Just check out the invite list whenever executives meet to devise strategies to reach new markets, achieve difficult goals or overcome competitive obstacles. Does anyone at that meeting have the factual insights about how and why different buyers will respond (or not) to a given course of action?
Probably not.
Now imagine a different approach to the role of marketing. By talking to real buyers in 1:1 conversations, marketers would gather the critical insights that would make them among the company’s most valuable competitive assets. (For a brief summary of these buyer insights, see my “Five Rings of Customer Insight” in the July/August 2012 issue of Sales and Marketing Management.)
As a result, marketers would be the source of information to help inform many of the decisions at the highest levels of the company. After all, the buyer’s perspective should be at the heart of every business decision – from acquisitions to market expansion and product introductions. It’s also the missing link that would enable marketers to develop effective content and successful campaigns targeting the right buyers with the right messages.
This essential skill – which I teach in my buyer persona workshops and coaching – would help marketers finally close the competency gap, building the credibility and authority to gain a seat and a voice at the strategy table.
What do you think? How can marketers overcome the core competency gap? Please share your perspective with your colleagues here and on the CMO.com forum for my article What is Marketing’s Unique Core Competency?
In your marketing strategy meetings, do you discuss Jason’s reaction to the new launch, and why Sharon is the target for the upcoming campaign?
Experienced buyer persona users know that a well-researched buyer persona generates high confidence in marketing and business decisions, while transforming a marketer’s ability to impact buyer attitudes on solutions and brands.

In my February 23 seminar at Marketing Profs, I’ll talk about the insights that are needed to build buyer personas that deliver on these promises. I’ll talk about how they break down barriers between sales and marketing by enabling both groups to address buyer needs and visualize their respective contributions to revenue.

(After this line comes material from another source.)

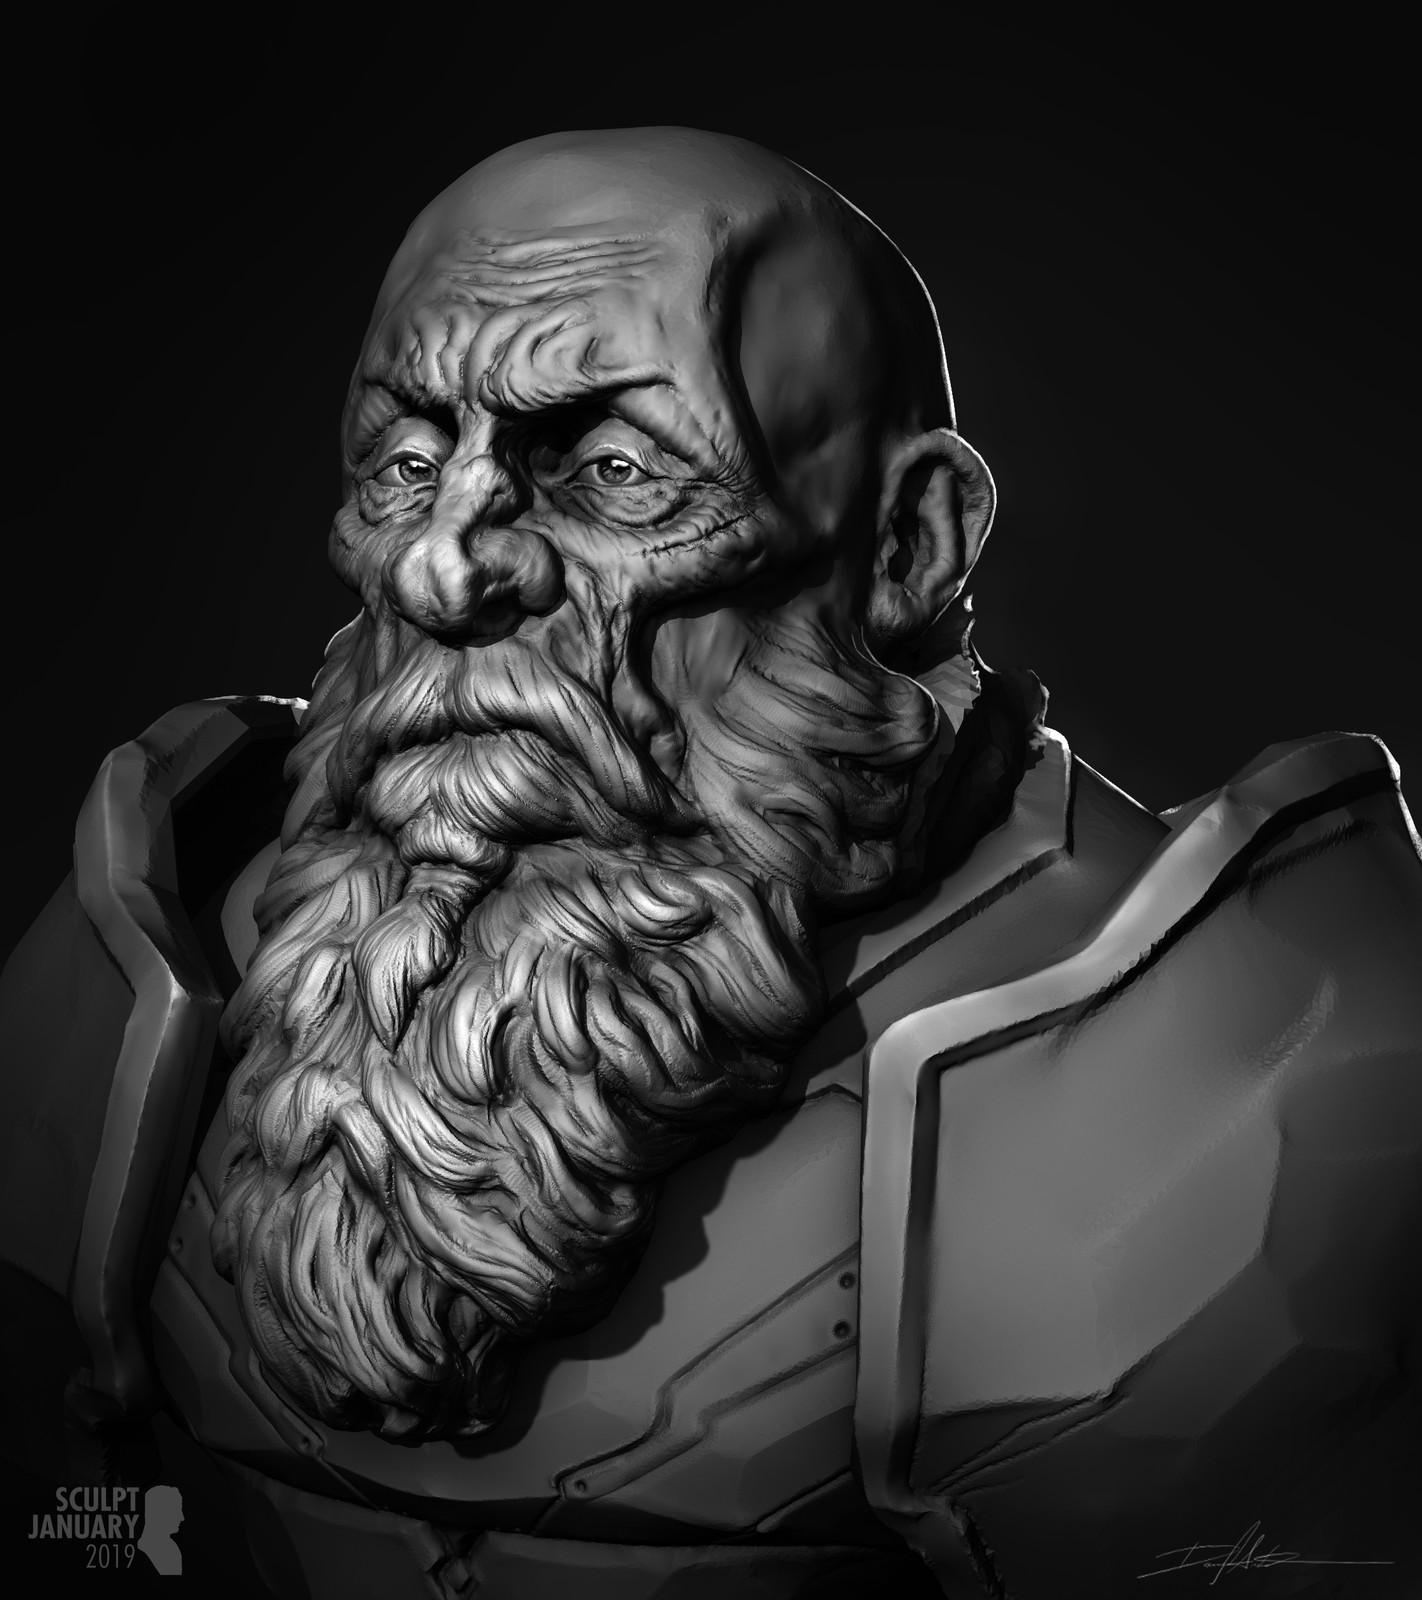 SCULPT JANUARY Day 10 - Beard

As companies learn to appreciate personas’ ability to predict buyer behavior with uncanny accuracy, marketers can find themselves awarded a place at the strategy table thanks to their insight on key issues influencing buyers, which, in turn, determine the company’s future. When all media channels answer the buyers’ exact questions in plain language, trust in that brand builds and competition melts away.
This ‘magic’ only happens when buyers see that a brand offers a solution that perfectly fits their definition of a problem.
The buyer persona value proposition
Although the value proposition for buyer personas is well understood, confusion still exists about what to include and how to build them. The concept is equally likely to be oversimplified or overcomplicated.
Marketers know that personas have the capability to deliver access to incredibly actionable, unambiguous information on how to reach and motivate target buyers through example buyers that are both real and persuasive.
Deep accurate buyer insights guide marketers, enabling them to gain in decision-making confidence in nearly every aspect of marketing, from content to product design, lead generation to business strategy and sales enablement to segmentation.
There have been many retweets about ‘eight personas that sales people need’, ‘four consumer buyer personas’ and ‘six ways to build your personas simply by observing their online behavior’.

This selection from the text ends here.